Apple Silicon Considerations

Unified Memory

Apple Silicon shares memory between CPU and GPU. asiai runs engines sequentially and unloads models between engines to avoid memory contention and swapping. VRAM is reported natively by Ollama and LM Studio; for other engines, asiai estimates memory usage via ri_phys_footprint (the macOS physical footprint metric, same as Activity Monitor). Estimated values are labeled "(est.)" in the UI.

Thermal Throttling

  • MacBook Air (no fan): severe throttling under sustained load
  • MacBook Pro (fan): mild throttling
  • Mac Mini/Studio/Pro: active cooling, minimal throttling

asiai records thermal_speed_limit per result and warns if throttling is detected.

KV Cache

Large context sizes (32k+) can cause instability on engines that pre-allocate KV cache. Set engine context length to match the actual test size for fair results.

Power Measurement

asiai measures GPU, CPU, ANE and DRAM power consumption via Apple's IOReport Energy Model framework — no sudo required. Power is measured automatically in every benchmark and every monitoring snapshot.

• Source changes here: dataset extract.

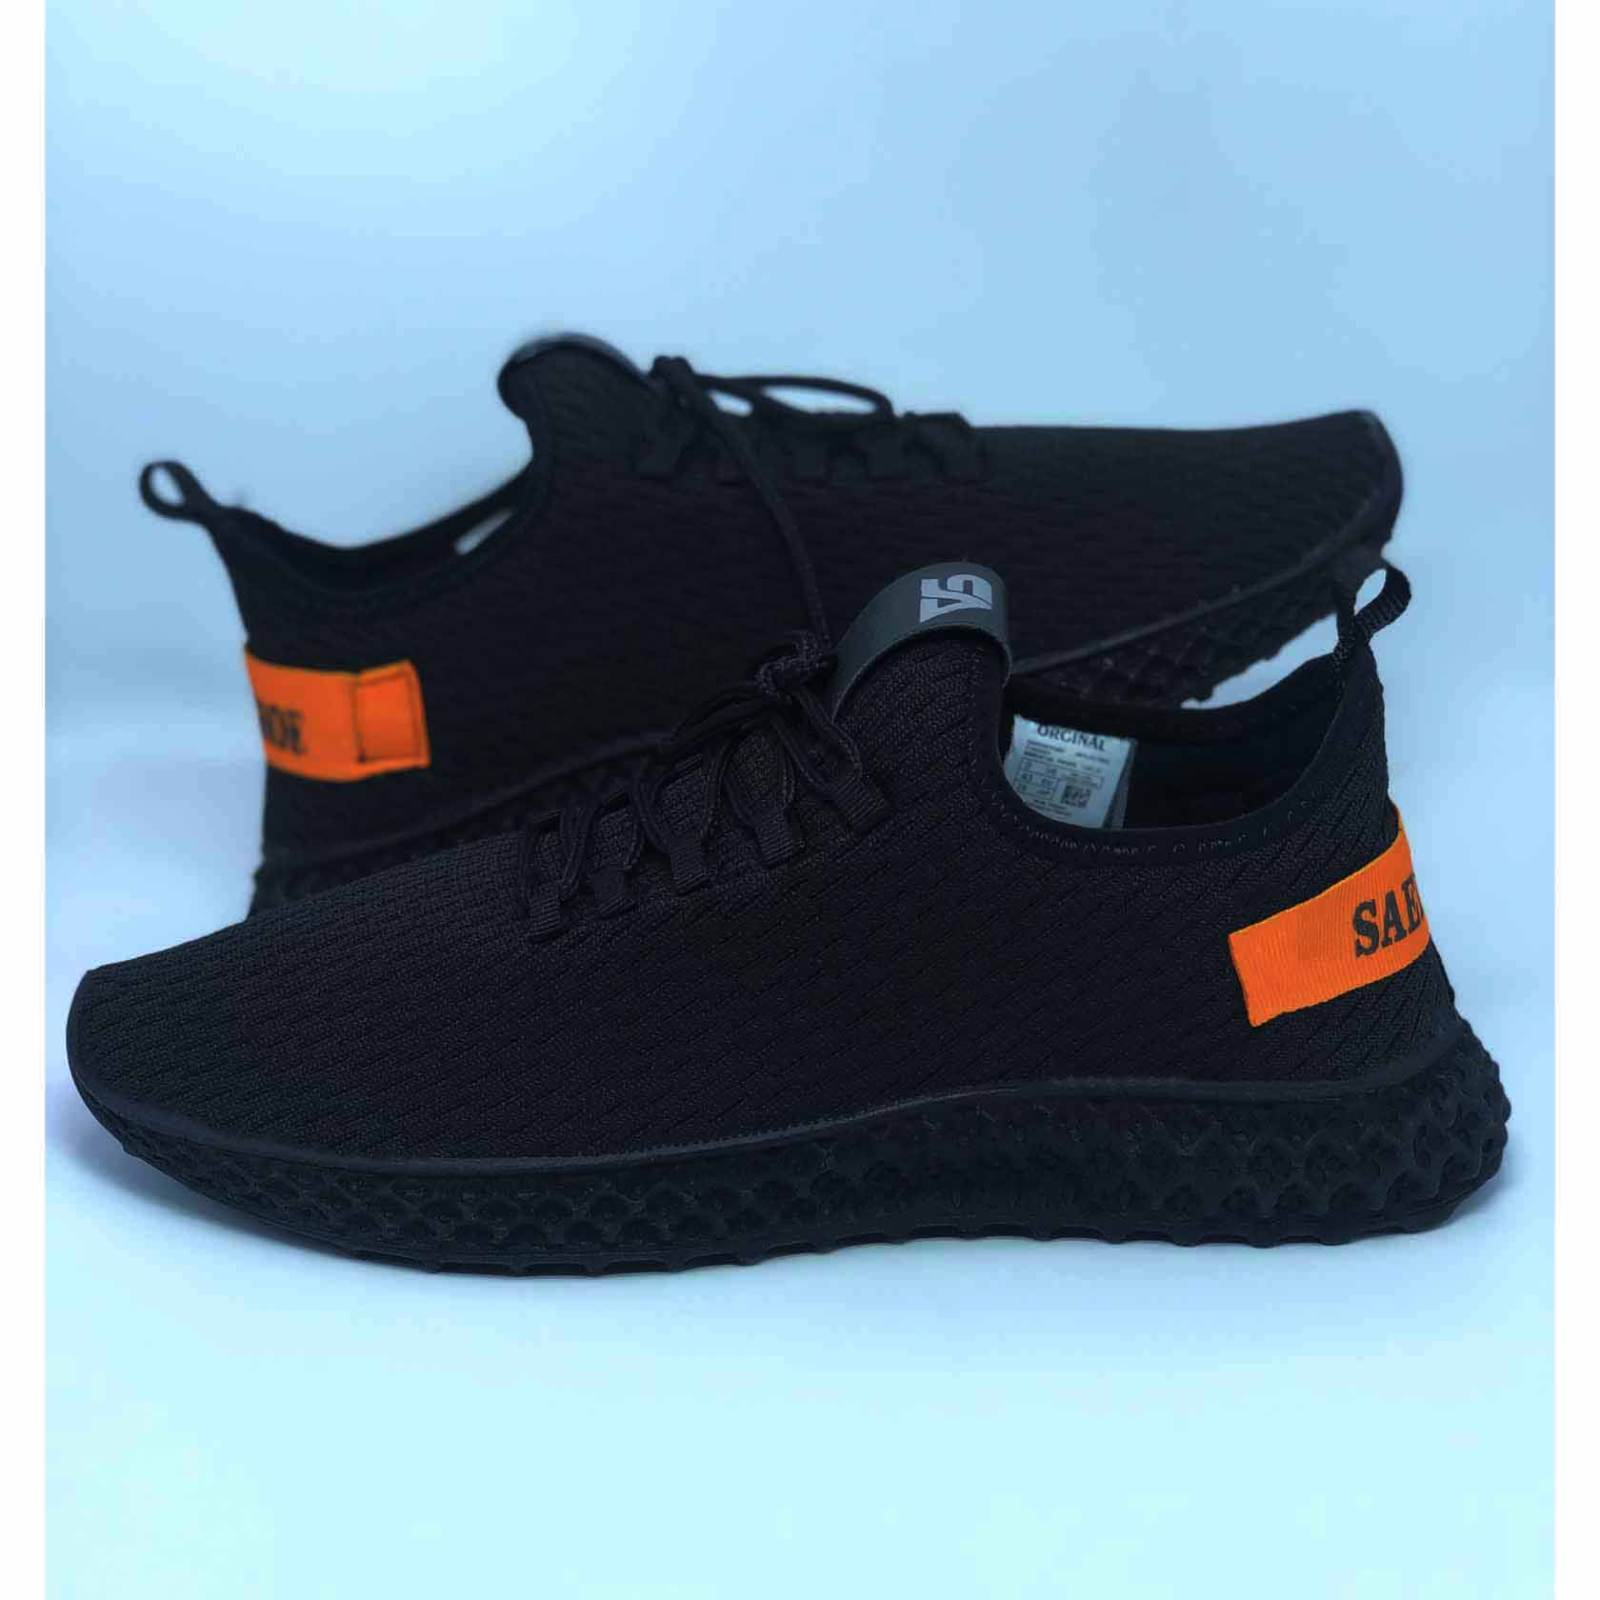 کفش مخصوص پیاده روی سعیدی کد Sa 304 -  - 5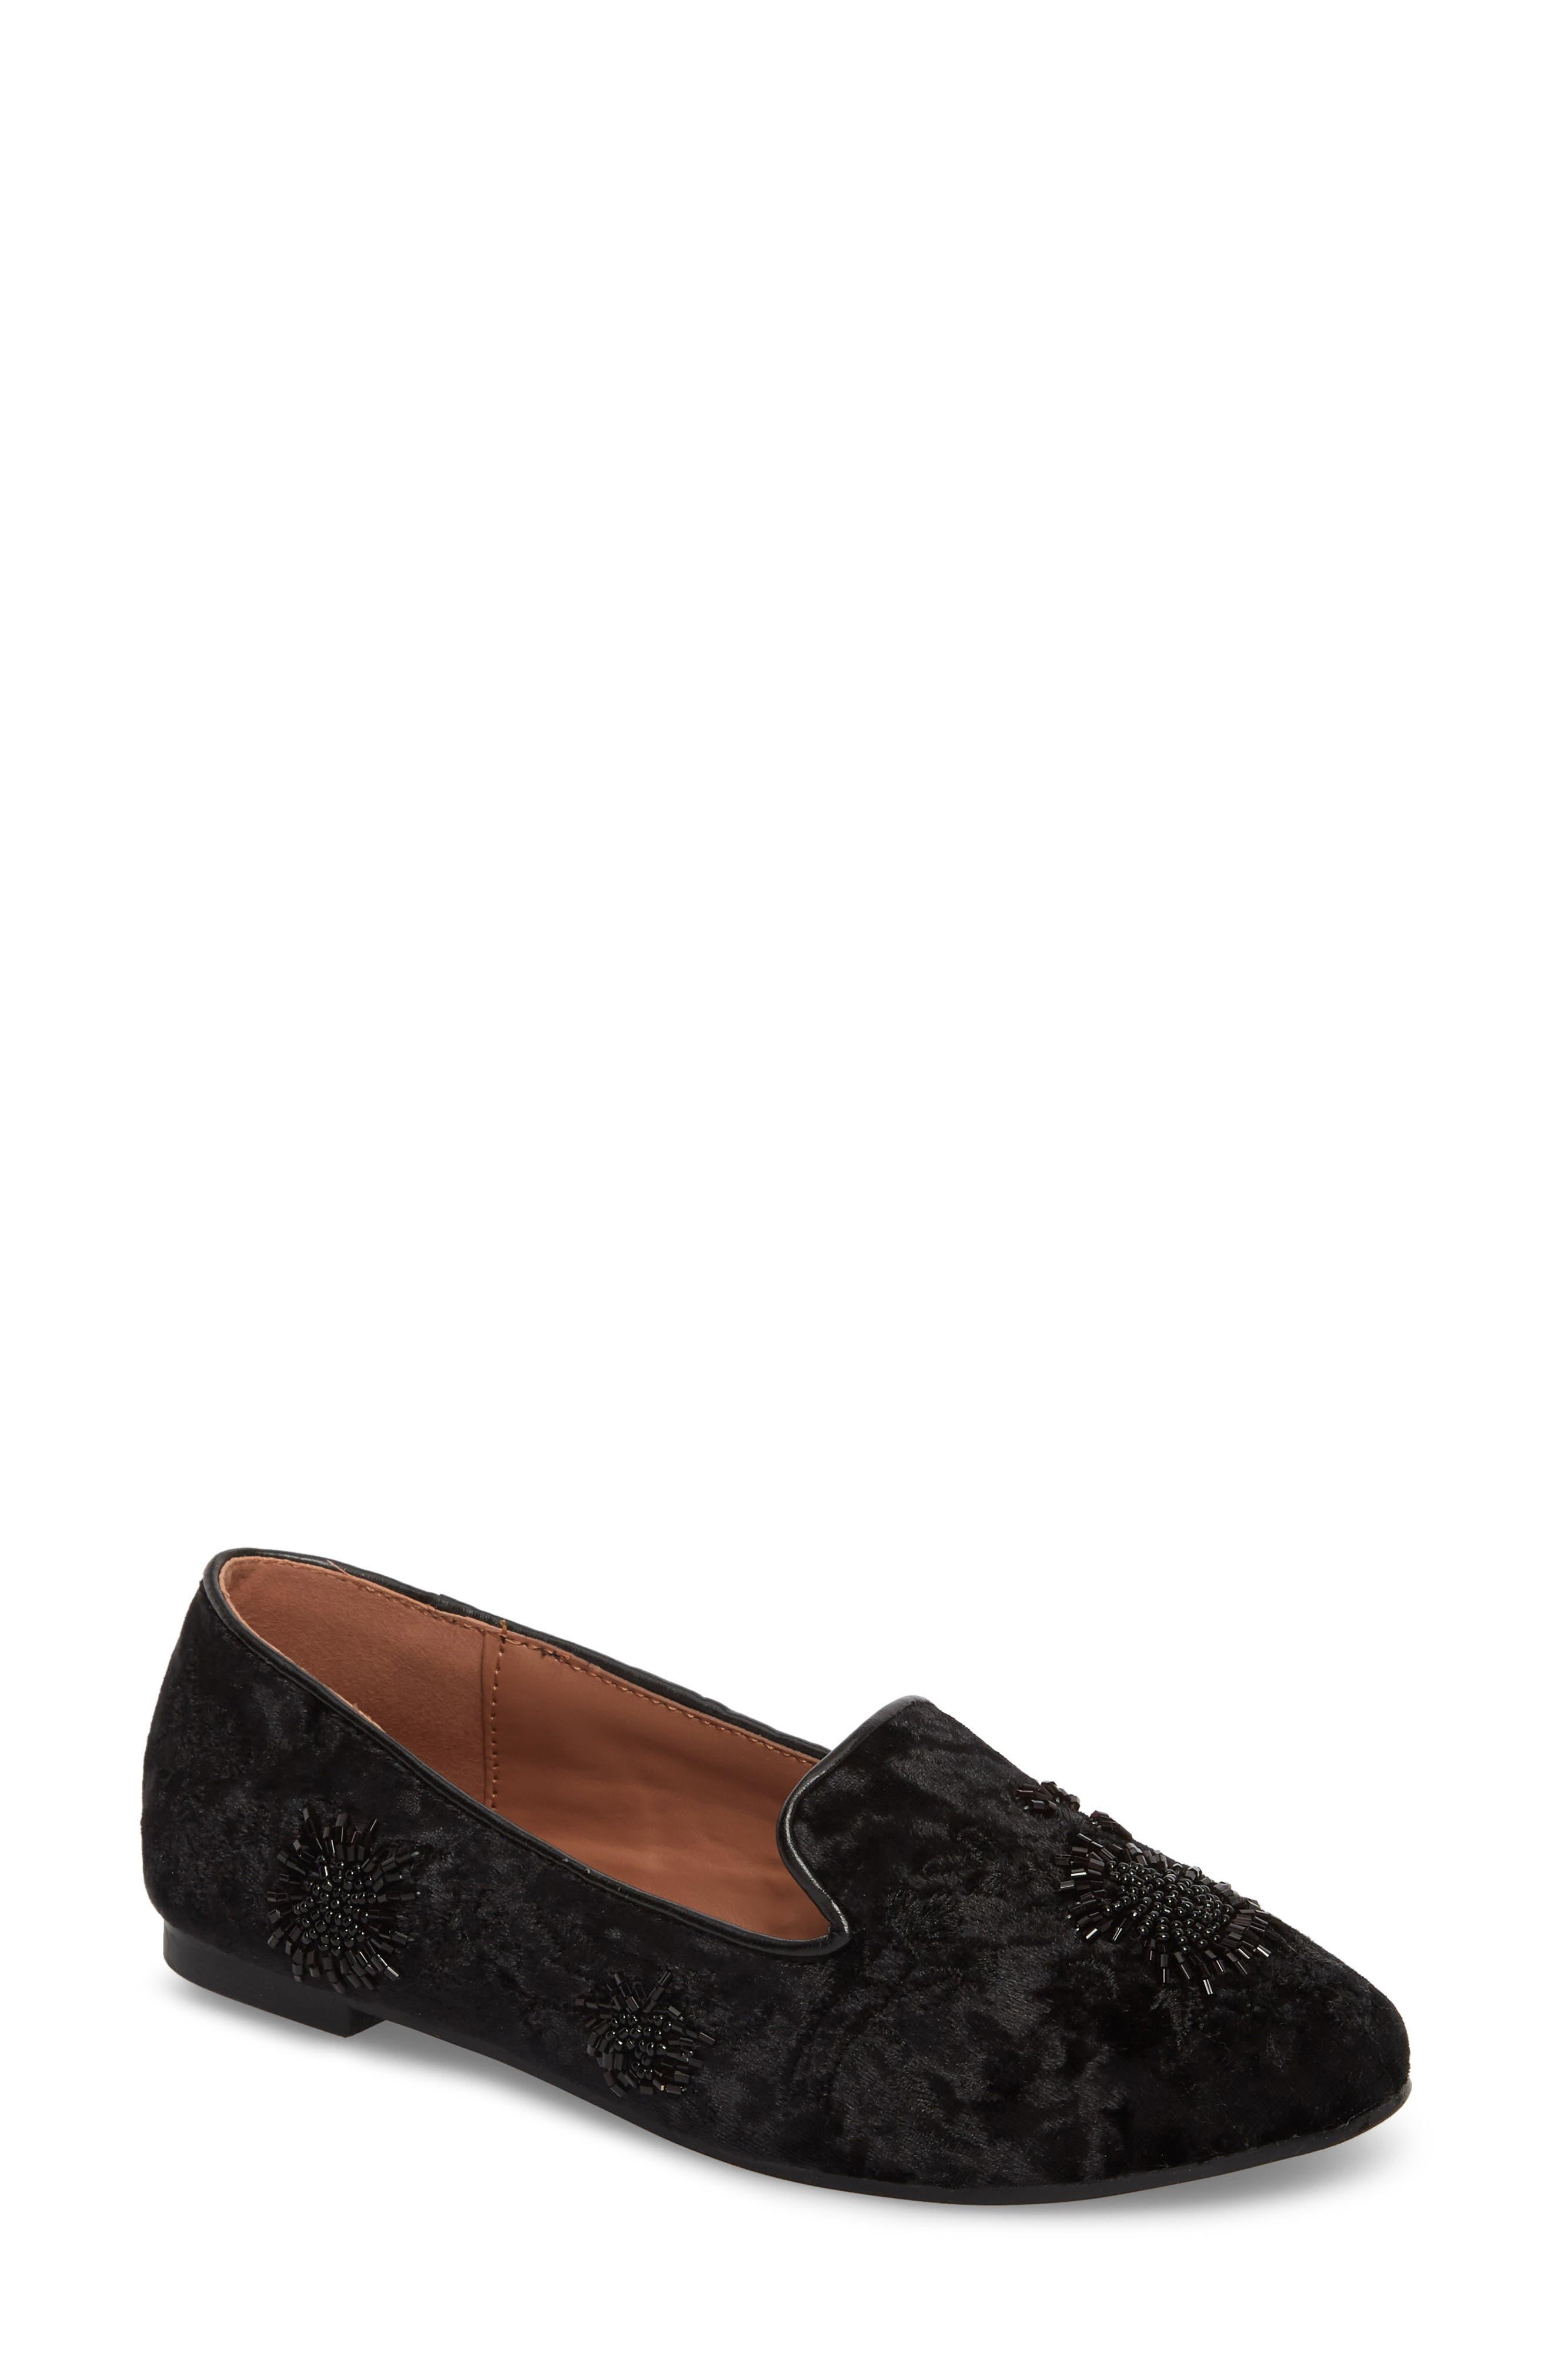 Topshop Syrup Embellished Loafer (Women)

IOReport reads the same hardware energy counters as sudo powermetrics, but through a user-space API (libIOReport.dylib via ctypes). This eliminates the need for passwordless sudo configuration.

Validation

We cross-validated IOReport against sudo powermetrics under LLM inference load on M4 Pro 64GB, using 10 paired samples per engine at 2-second intervals:

Engine IOReport avg powermetrics avg Mean delta Max delta
LM Studio (MLX) 12.6 W 12.6 W 0.9% 2.1%
Ollama (llama.cpp) 15.6 W 15.4 W 1.3% 4.1%

Both engines confirmed <1.5% average delta with 10/10 paired samples. ANE power was 0.000W across all 20 samples, confirming no LLM engine currently uses the Neural Engine.

The --power flag enables additional cross-validation by running both IOReport and sudo powermetrics simultaneously, storing both readings for comparison.

Power Efficiency

Power efficiency (tok/s per watt) is calculated as tok_per_sec / gpu_watts for each benchmark result. This metric enables comparison of inference cost across engines and hardware.

Metadata

Every benchmark result stores: engine, engine_version, model, model_format, model_quantization, hw_chip, os_version, thermal_level, thermal_speed_limit, power_watts, power_source, metrics_version. This enables fair regression comparison and cross-machine benchmarks.